However, a large amount of iron-containing sludge (Fenton iron sludge) is generated during the treatment of wastewater by the Fenton oxidation process, which is a dangerous solid waste, and is a complex heterogeneous mixture composed of ferric iron, organic matters, heavy metals, microorganisms, sediment impurities and moisture. If the water is directly discharged, the ecological environment is seriously damaged, so that the environmental problems such as land occupation, soil structure damage, water pollution and the like are caused.
At present, the treatment measures of Fenton iron mud mainly comprise landfill, incineration, cement-based solidification and the like. The direct landfill can lead the heavy metal in the iron mud to pollute soil and underground water, and organic matters adsorbed and wrapped by flocs can cause the problems of putrefaction, malodor and the like in the landfill process. The Fenton iron mud is incinerated to effectively remove organic matters, the volume of the iron mud is greatly reduced, but the content of the organic matters in the iron mud is only 20% -30% (mass fraction), the equipment is burdened by lower heat value during incineration, and secondary pollution is caused to the atmosphere by flue gas and fly ash generated in the incineration process. The cement-based solidification is very effective in disposing Fenton iron mud, the iron mud with high water content can be directly solidified without thorough dehydration, heavy metal components in the Fenton iron mud are adsorbed into the produced colloid crystals through the Boso reaction, and further the harmless treatment of the Fenton iron mud is realized
Harmless treatment of the iron sludge can ensure that dangerous wastes are properly treated, but a great deal of resources are wasted. The contents of all substances in the iron mud produced by different industries are greatly different, but all the iron mud contains a large amount of Fe resources (the iron oxide content of electroplating, papermaking, pharmacy and printing and dyeing wastewater is about 50 percent), and the iron mud has very high recovery value. From the two viewpoints of economic benefit and resource recycling, the resource utilization of Fenton iron mud is the key for solving the problem of dangerous waste accumulation. At present, the mode of recycling Fenton iron mud is mainly divided into two types of materialization methods and biological methods. The physical and chemical method comprises the steps of preparing a desulfurization machine, extracting inorganic iron fertilizer, preparing an iron-based catalyst and the like. For example, in patent application publication No. CN110665362a, a method for preparing a desulfurizing agent by using Fenton iron mud is disclosed, wherein a binder and a pore-forming agent are added into dehydrated Fenton iron mud, and an extrusion molding roasting method is used for preparing the desulfurizing agent. In the patent application document with publication number of CN104892036A, a method for extracting humic acid liquid fertilizer and inorganic iron fertilizer from Fenton iron mud is disclosed, and sodium hydroxide, sulfuric acid and nitric acid are added to extract humic acid and inorganic iron. In the patent application document with publication number of CN105254067A, an iron-based catalyst is prepared by secondary precipitation through a resource utilization method of sludge by a Fenton method for sewage deep treatment. The above physical and chemical methods require a large amount of chemical agents, and have high treatment cost and complicated steps.

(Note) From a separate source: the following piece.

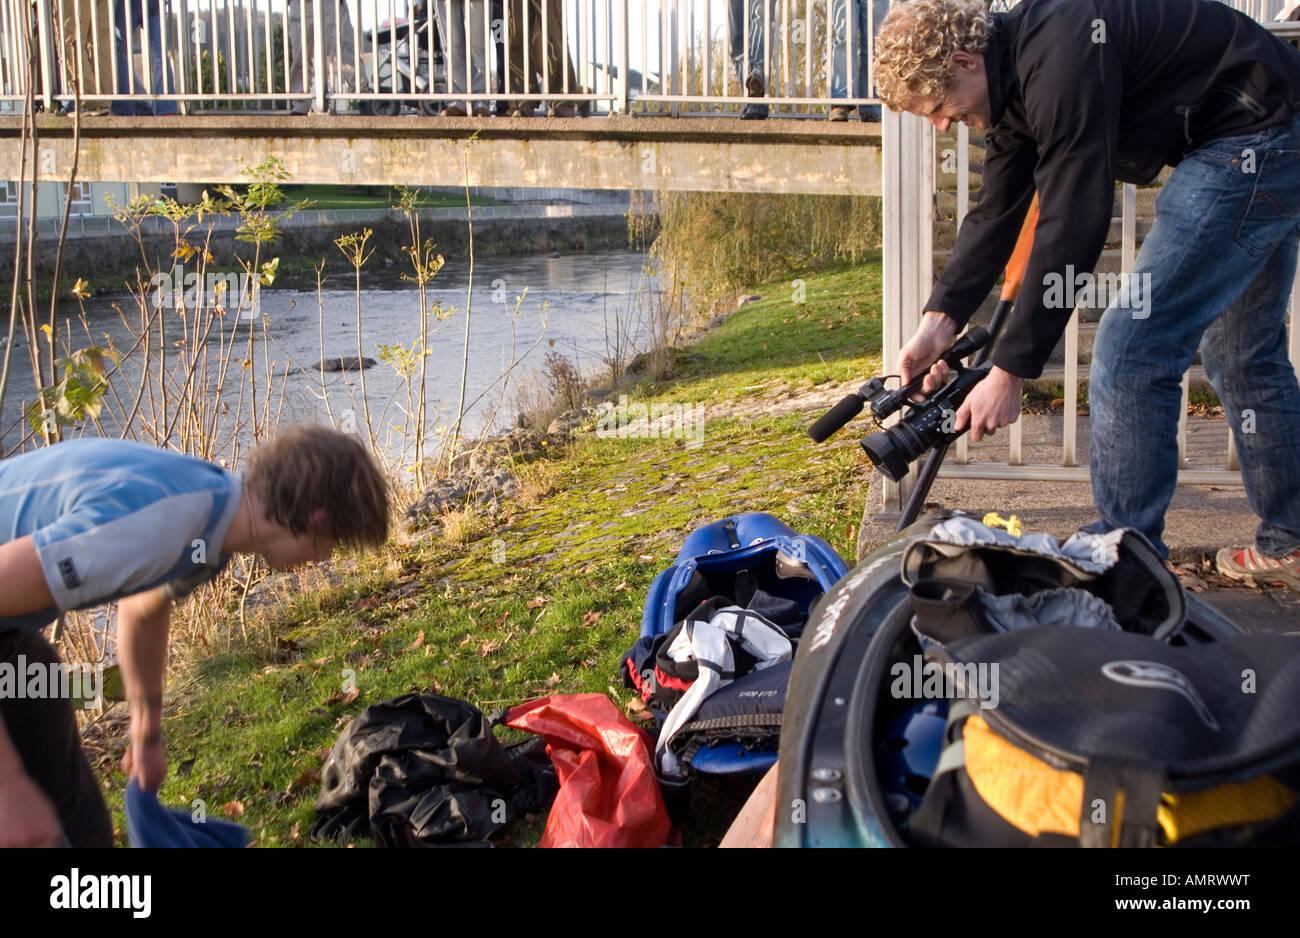 Doug Blane Tim Emmett extreme sports athlete filming at the Kendal Mountain Film Adventure Film Academy Stock Photo
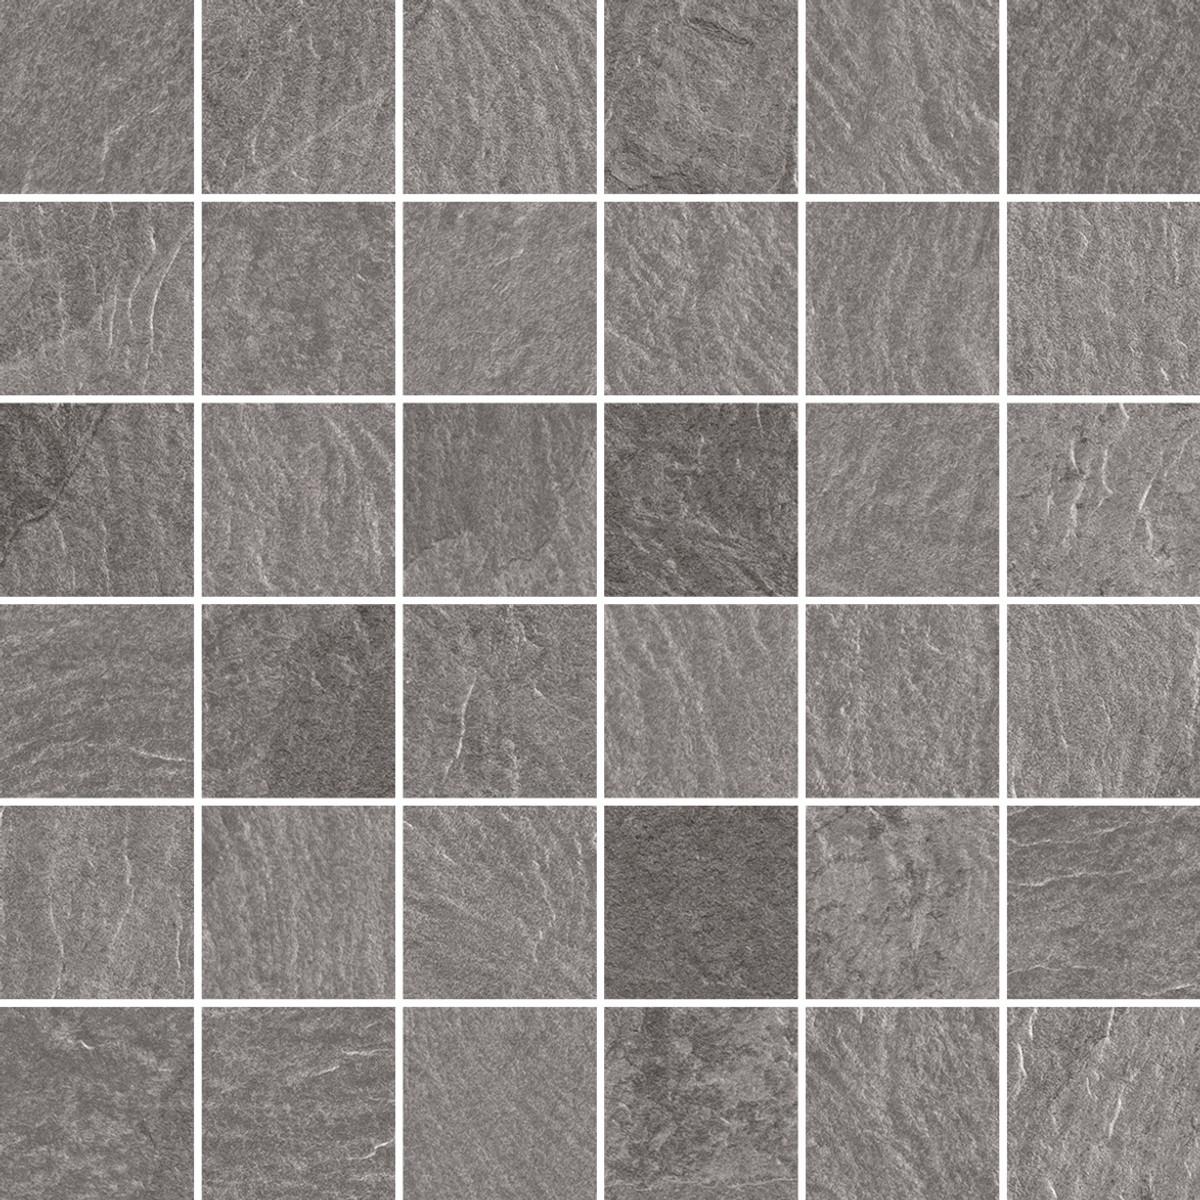 Mosaik Gazzini Slide grey Mosaik 5 x 5 cm

The biological method mainly utilizes iron reducing bacteria to reduce ferric iron, thereby realizing the recycling of iron. For example, in the patent application publication No. CN110877956A, the disclosed apparatus and method for treating Fenton iron sludge is proposed to mix Fenton iron sludge with sludge digestion liquid, thereby extracting ferrous iron therefrom for circulating application to Fenton reaction. In the patent application document with publication number of CN113371849A, the disclosed method and device for separating and recycling Fenton iron mud further strengthen the utilization efficiency of Fenton iron mud. However, biological processes produce a large amount of sludge containing iron, the hazard level of which is difficult to be defined, and extracellular polymers and the like in activated sludge complex with iron, thereby making it difficult for the acid agent to sufficiently extract the iron component therein.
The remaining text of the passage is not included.